--- MATERIALS PROVIDED ---

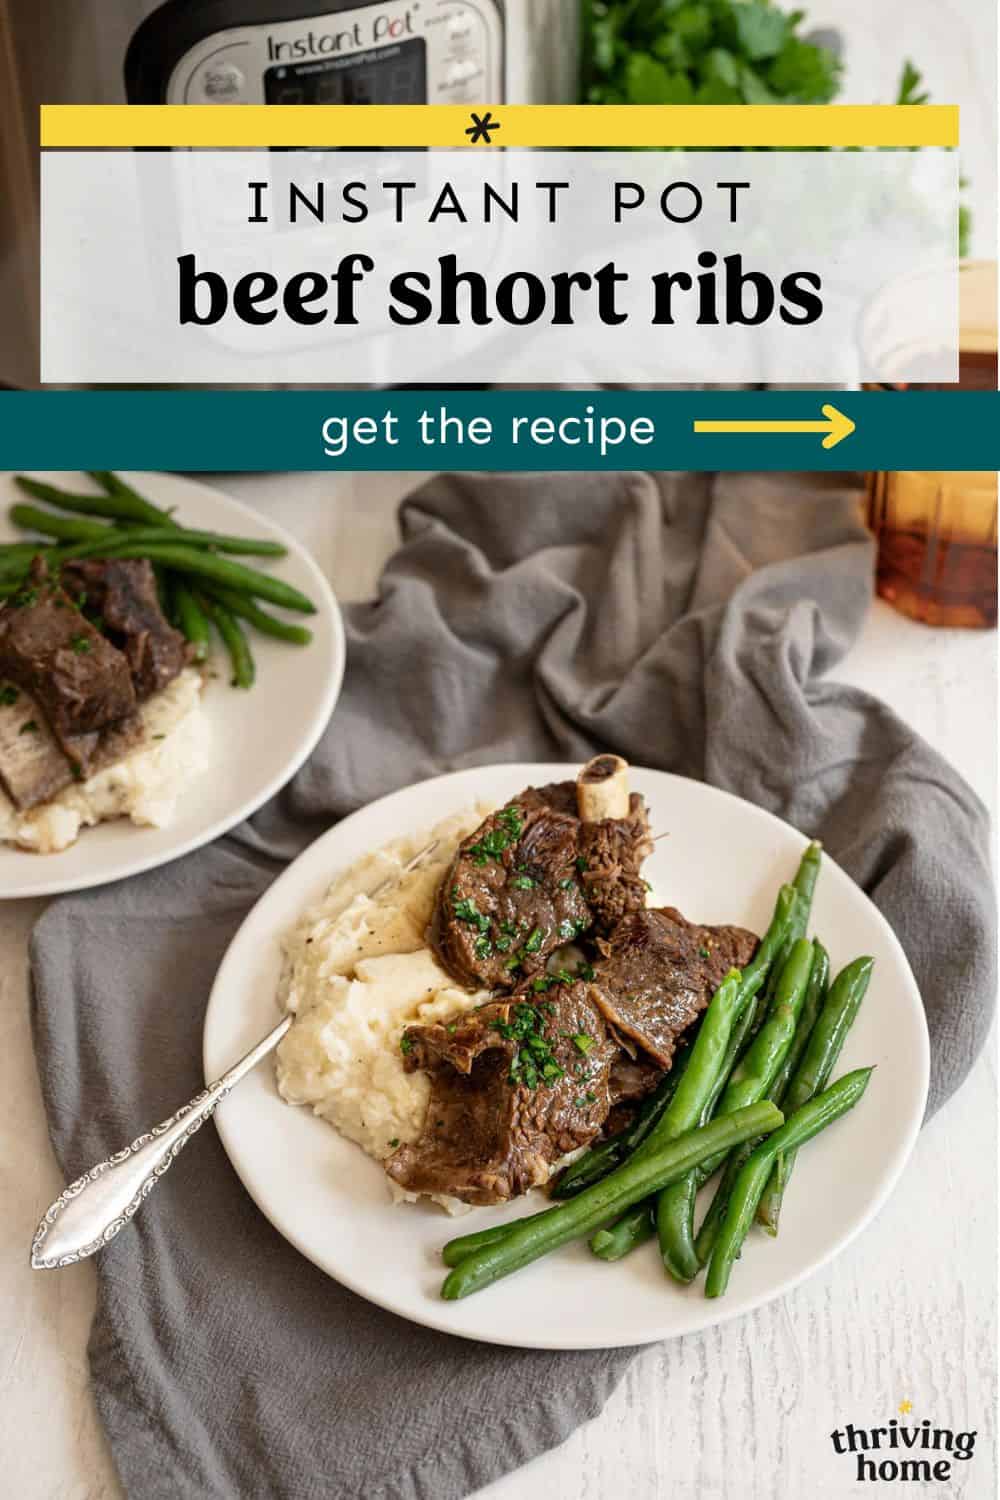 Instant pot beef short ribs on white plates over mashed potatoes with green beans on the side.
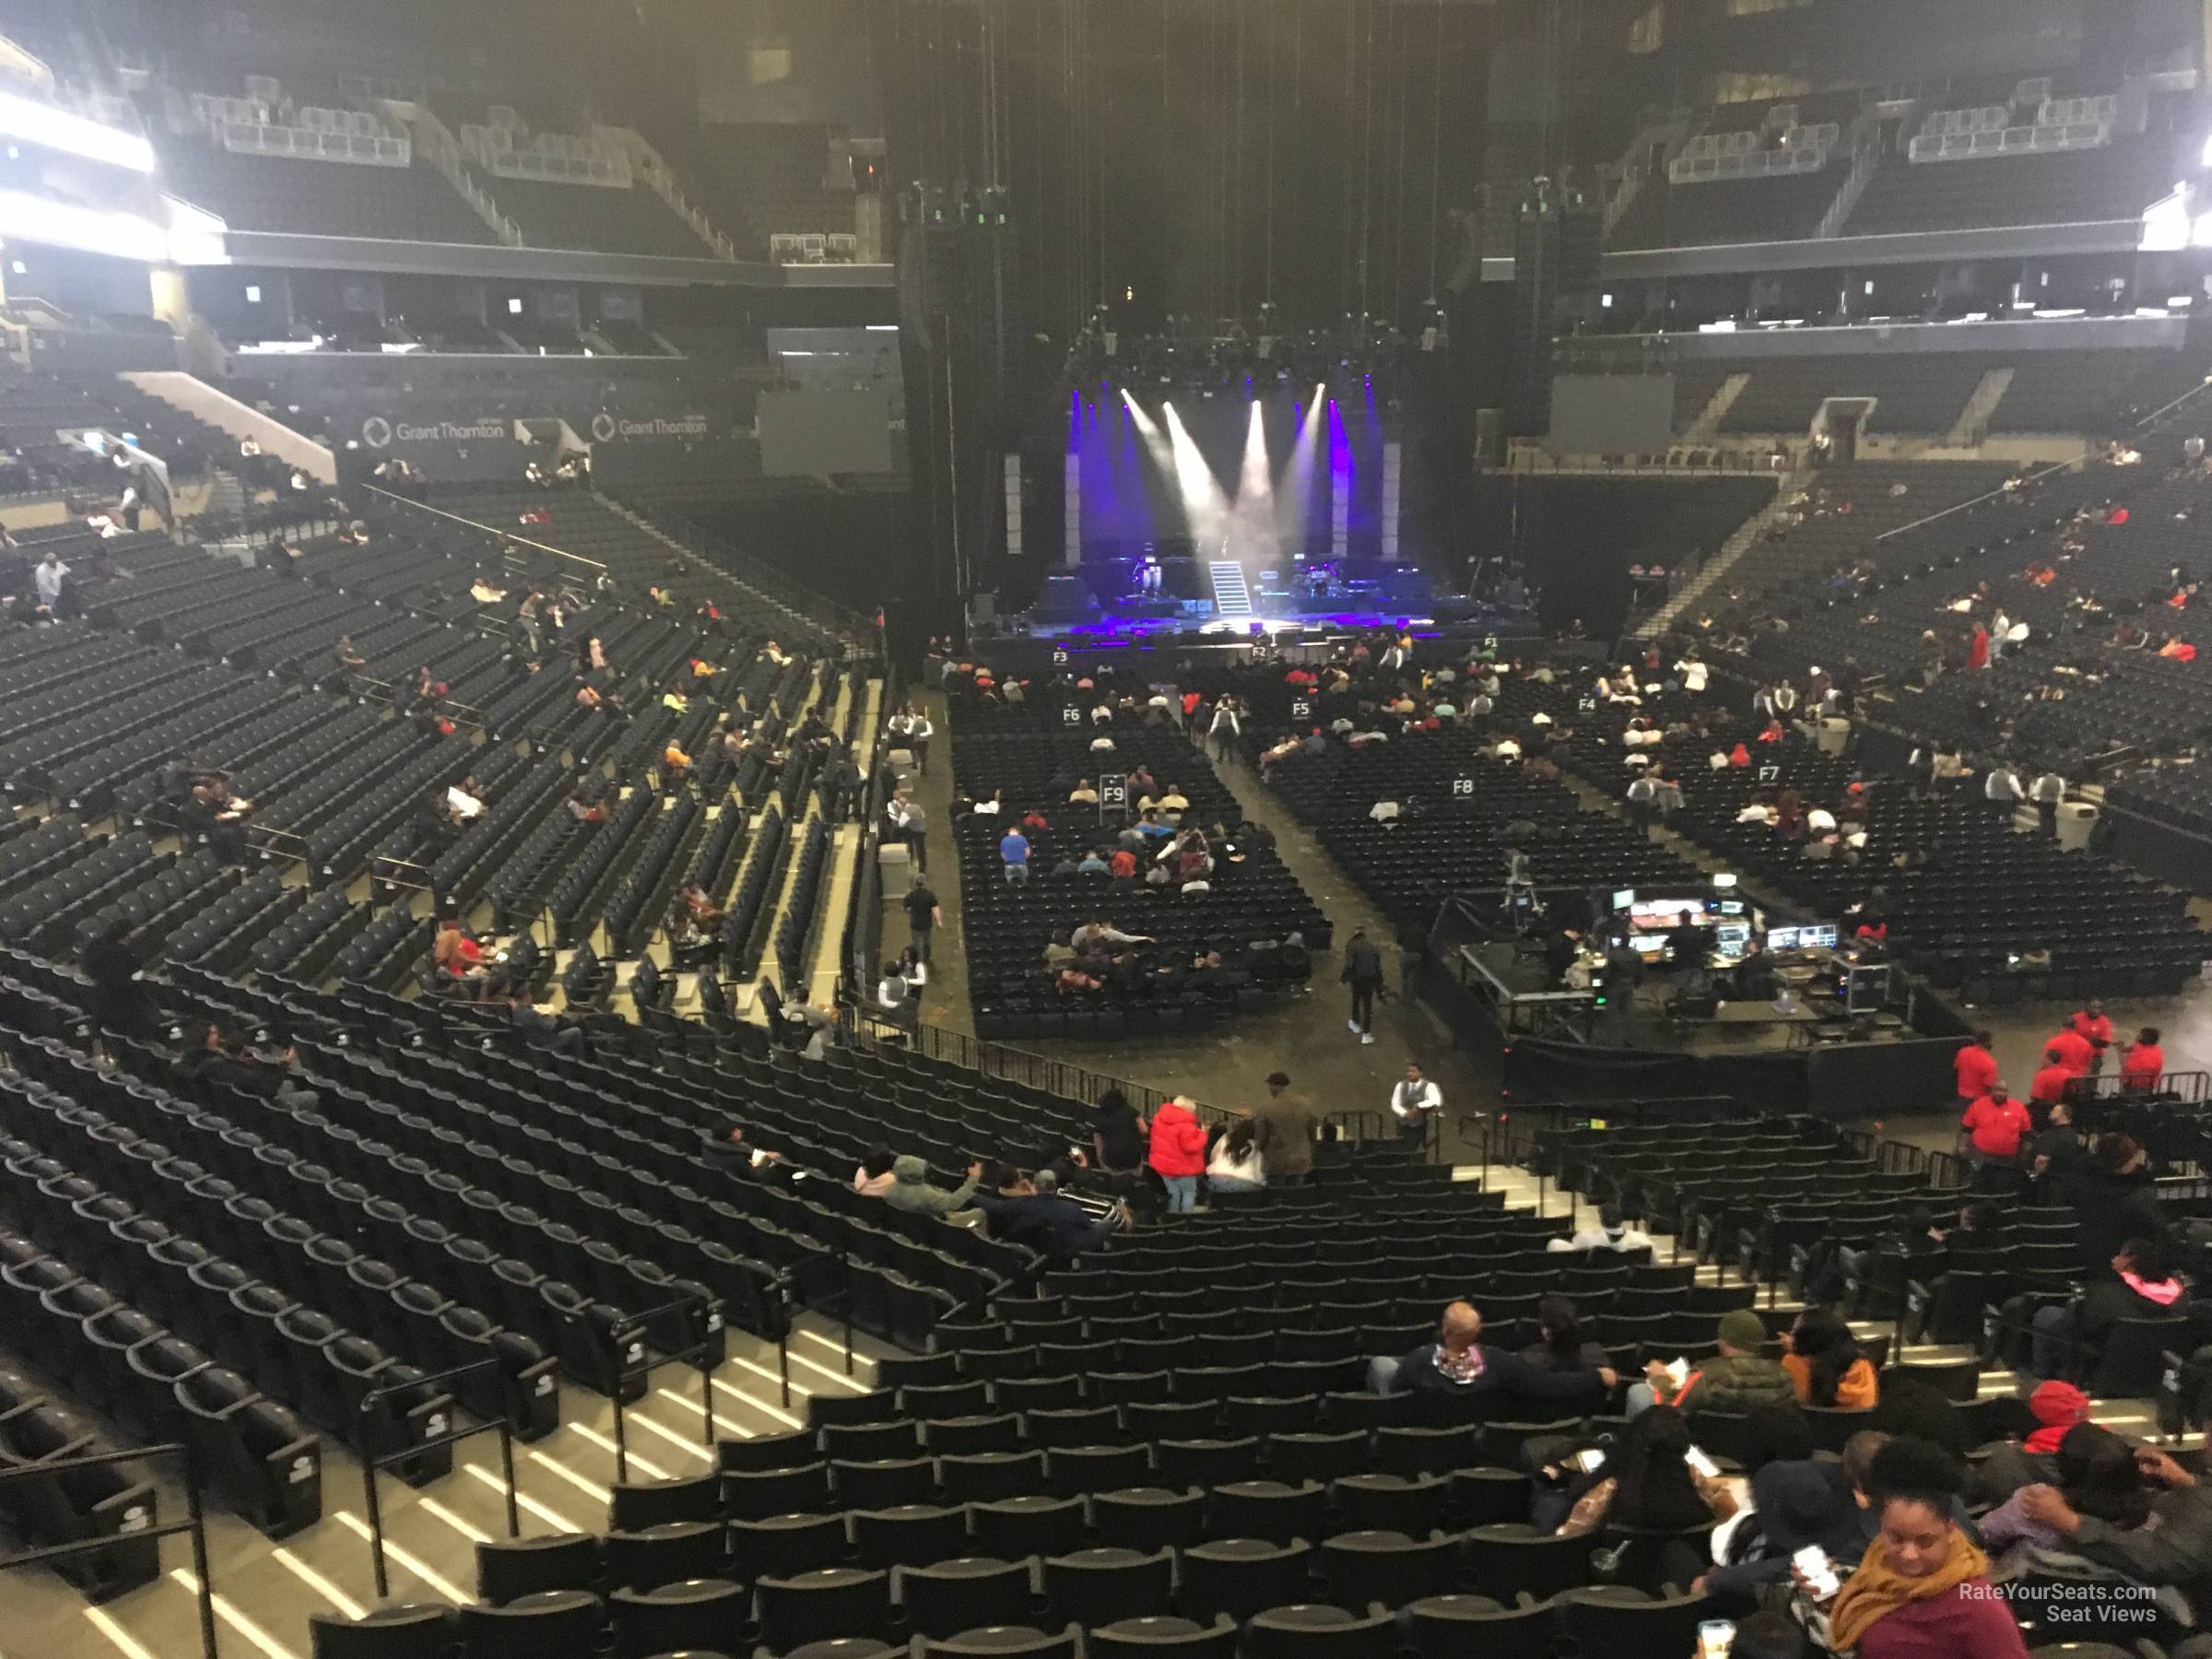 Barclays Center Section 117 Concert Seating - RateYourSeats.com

---
--- MATERIALS PROVIDED ---

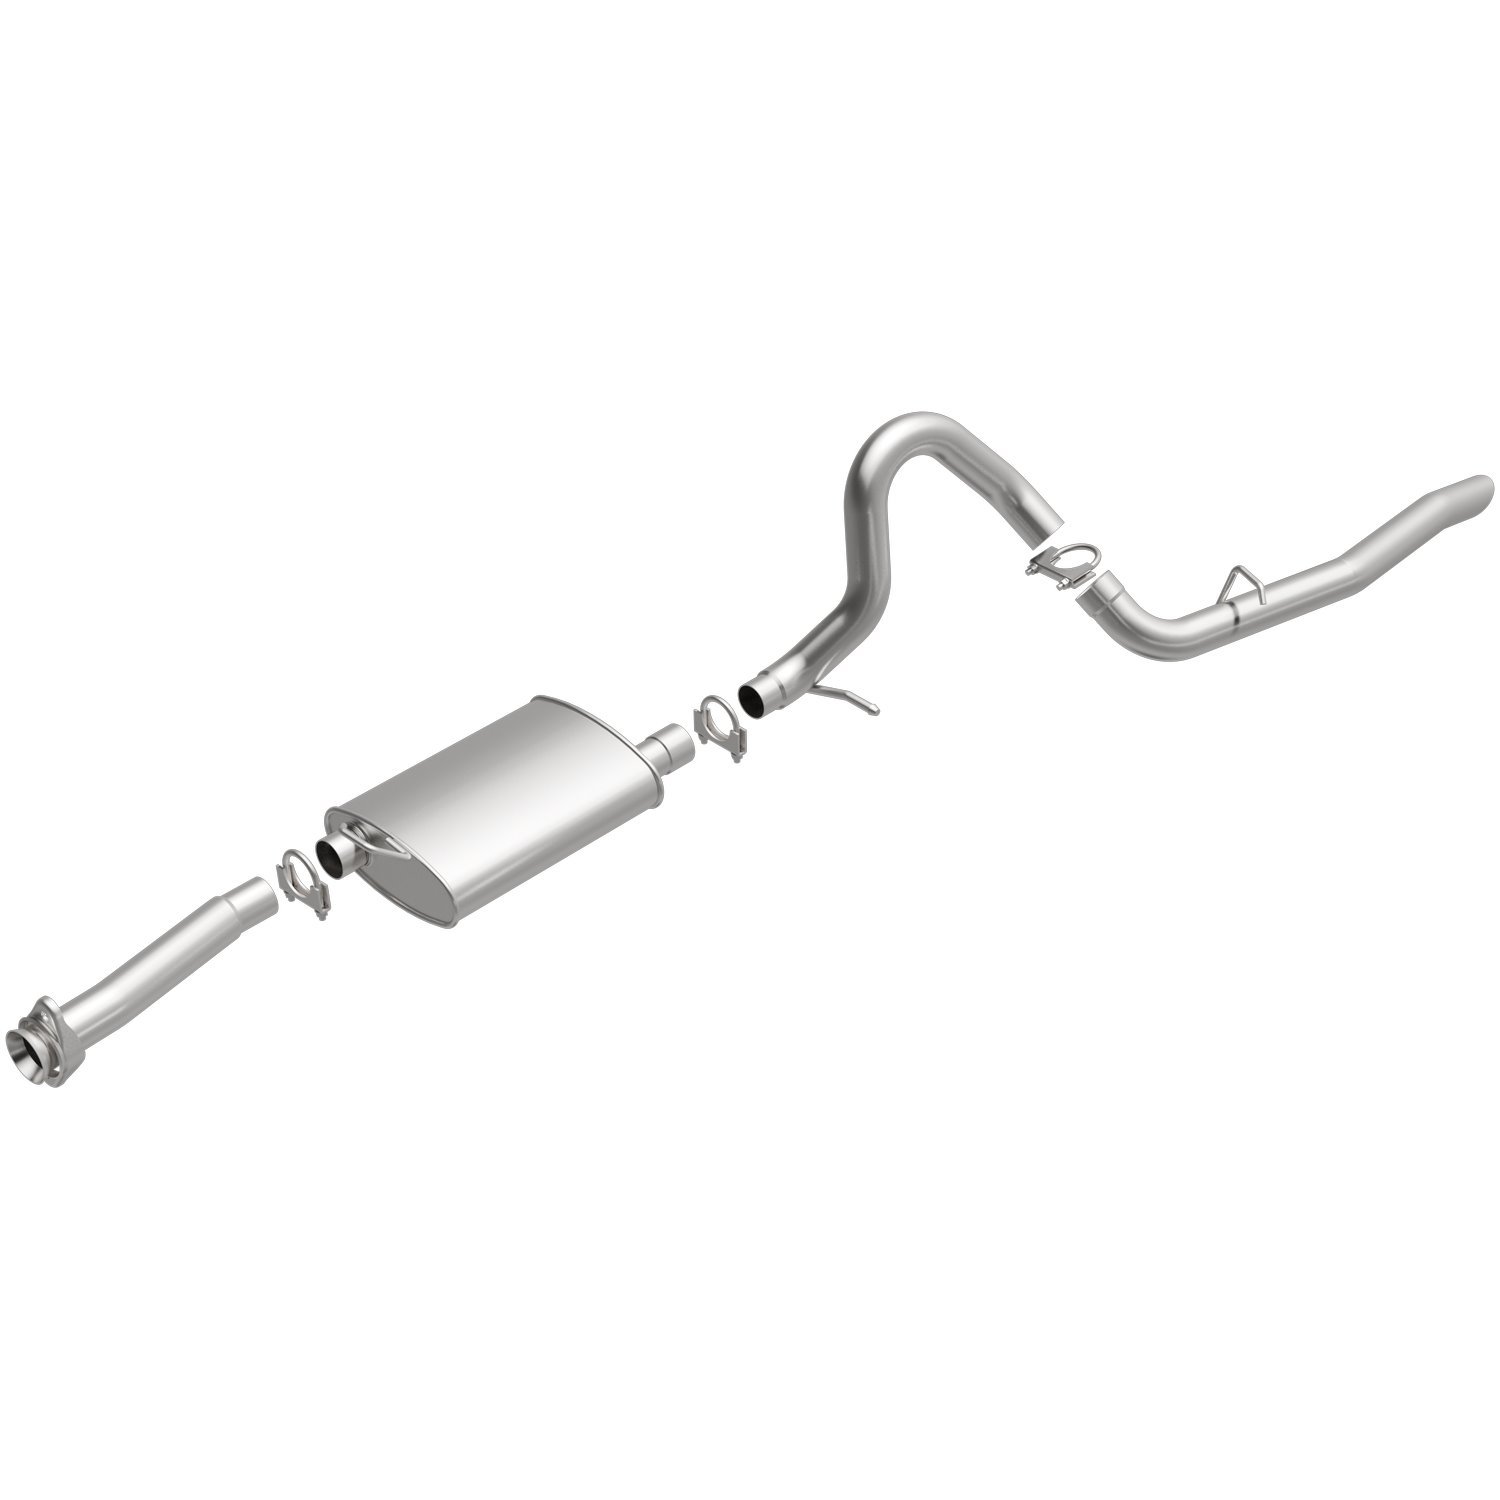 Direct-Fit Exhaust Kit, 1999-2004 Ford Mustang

---

> _HOW TO COMPLETE THIS TASK_: Starting at the line with "Instant pot beef" and finishing at the line with "Barclays Center Section", copy the material above exactly, both lines included. Nothing else goes in, and no pictures.

> _YOUR RESPONSE_:
 Instant pot beef short ribs on white plates over mashed potatoes with green beans on the side.
 Barclays Center Section 117 Concert Seating - RateYourSeats.com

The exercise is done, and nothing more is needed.